Friday 12 September 2014

REVIEW - FED UP (STEPHANIE SOECHTIG)


Stephanie Soechtig's Fed Up warns us to beware the hazards in thinking that eating more 'healthily' and exercising more regularly will help us to lose weight. It also fails to provide an alternative, though its well-funded reach constructs a clear and compelling guide to leading a healthier lifestyle. More specifically, it turns the first world adage that prevention is better than cure on itself - a responsible strategy in the short-term, a pessimistic one in the long-term. Soechtig seems to express resignation to the idea that obesity is an epidemic of which we will never be rid; Fed Up's glossy, over-produced tone and aesthetic do a distressingly effective job at deflecting from such negativity, ditto the lack of regard to non-US nations. It's here that the movie's purpose as polemic is most pointed: Fed Up is designed to change the minds and the attitudes of Americans alone, which is a noble purpose before one reaches the word 'alone'. Perhaps a more dedicated focus on the hideousness of the first world's greed set against the third world's despair wouldn't have fulfilled said purpose, but it might have made for a more potent film. As propaganda, it's a strong piece of work, though, albeit one that proposes political solutions to problems engendered by the machinations of modern-day politics.

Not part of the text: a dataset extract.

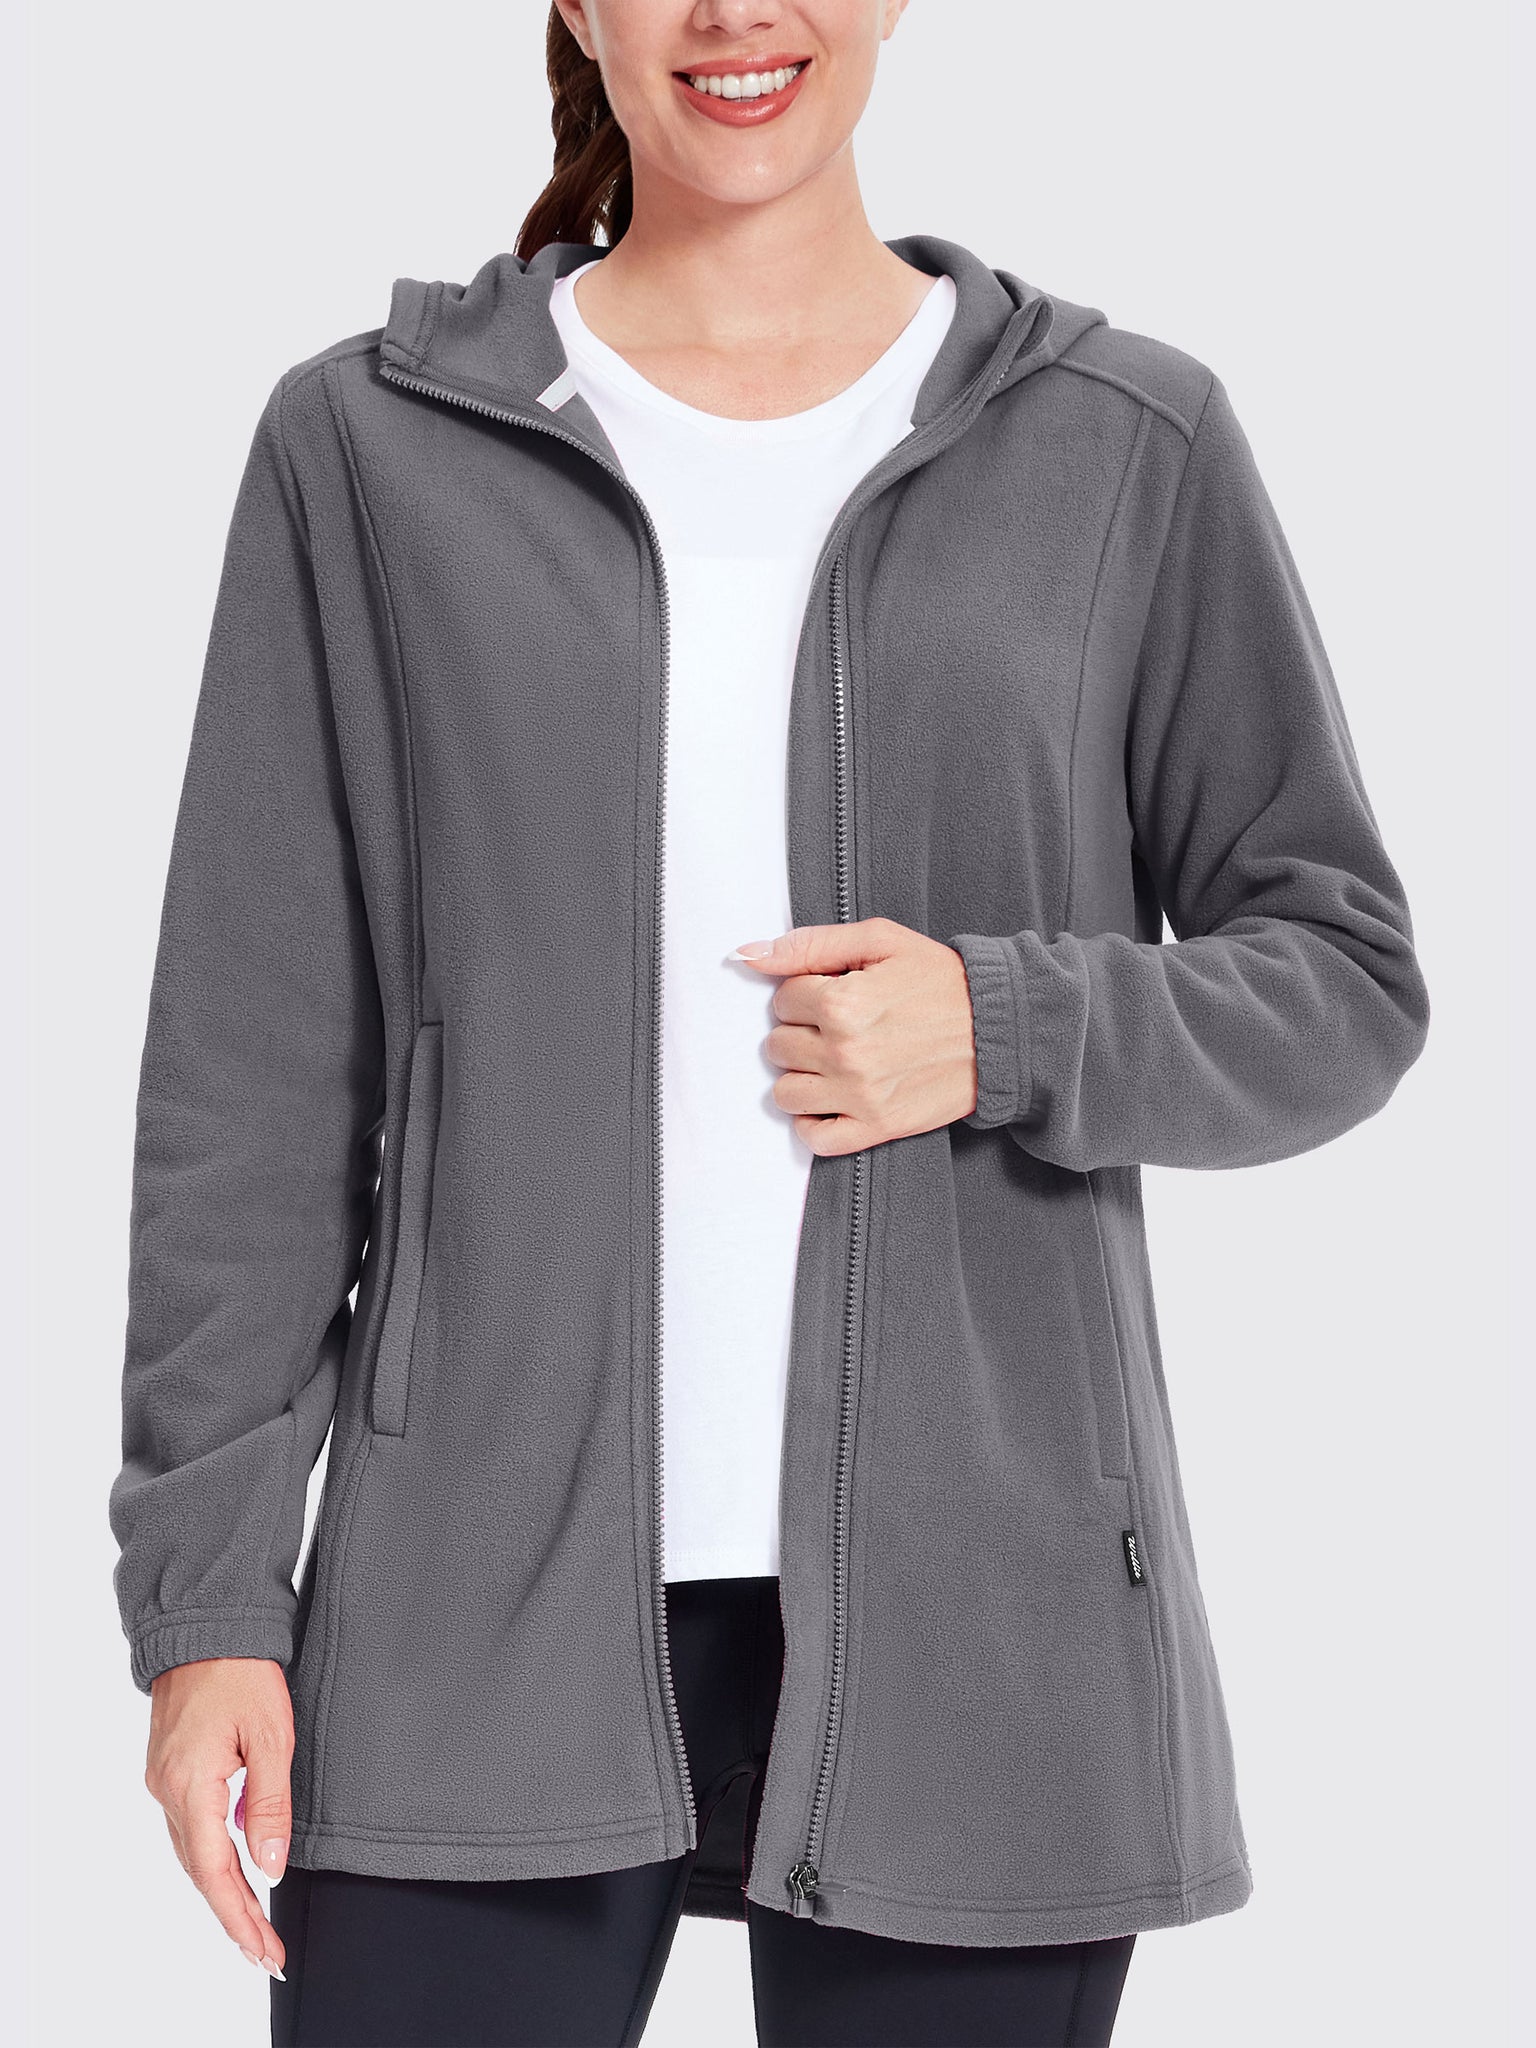 Women's Fleece Full-Zip Jacket DeepGray2
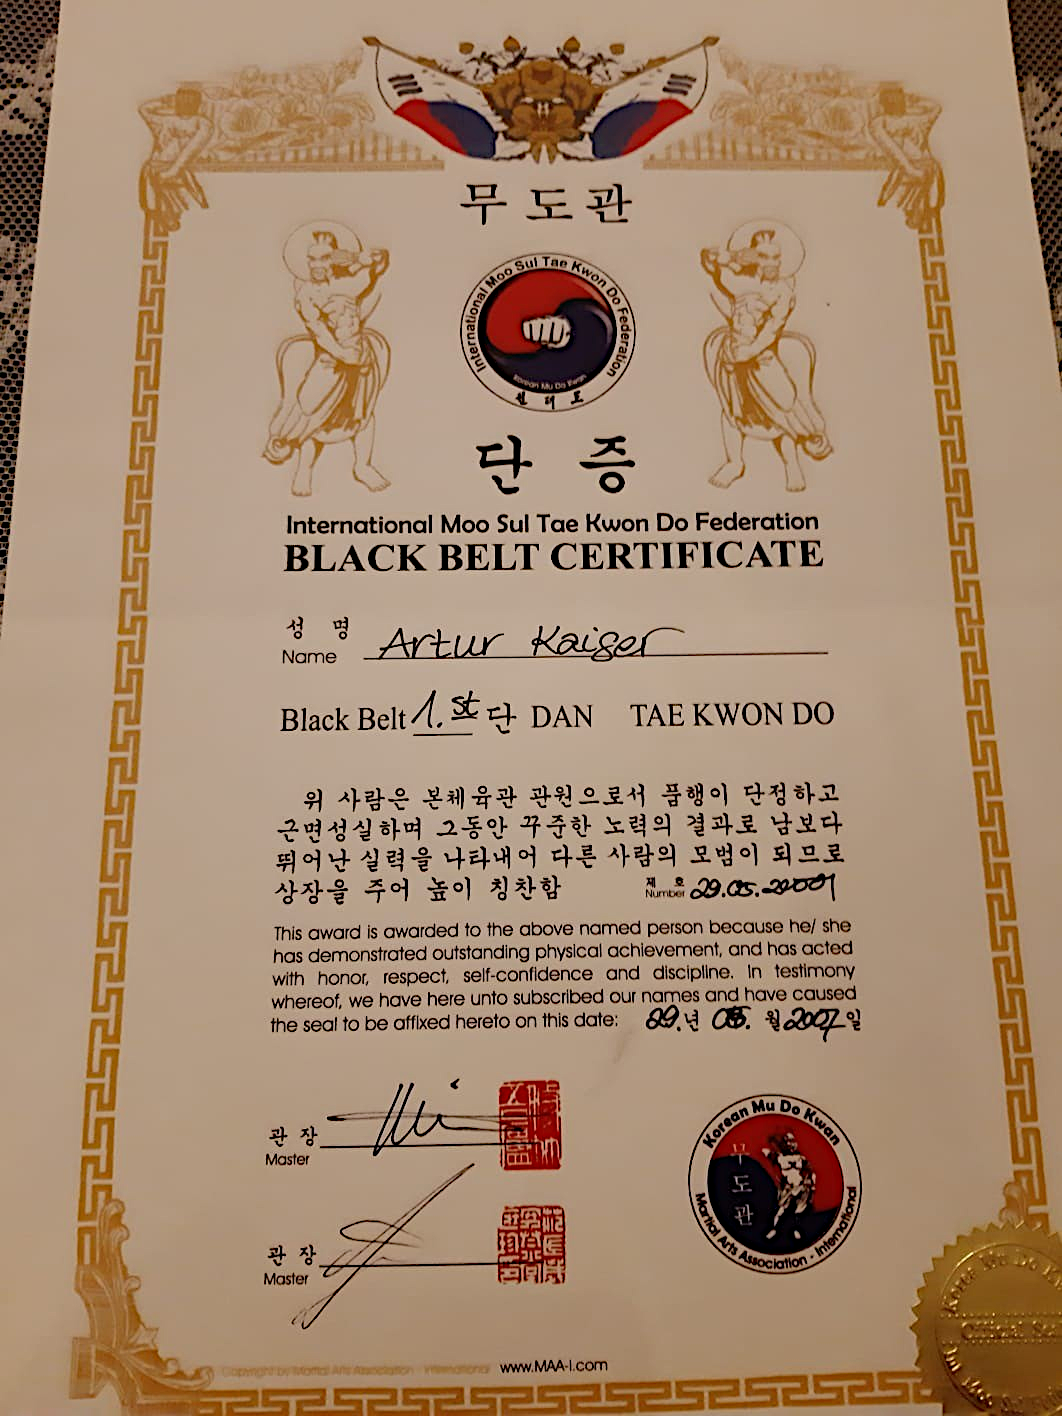 Bild vom Black Belt Certificate der International Moo Sul Tae Kwon Do Federation im 1. Darn für Artur Kaiser

The film's radical spirit is M.I.A., but what it lacks in integrity it makes up for in accuracy. The supposedly shocking list of parties who declined interview that appears at Fed Up's close is impressively brief - the involvement of Katie Couric and the Weinsteins seems to have opened up lucrative avenues for sophomore director Soechtig. And she at least raises a number of pressing points, primed to be picked up on by attentive viewers; those who may find those points old news may be impressed by the film's convincing arsenal of horrifying facts and figures. Fed Up's point in general may be garbled, or it may be just off-target, but there's enough material of genuine heft in here to make it vital viewing for anyone concerned about obesity today.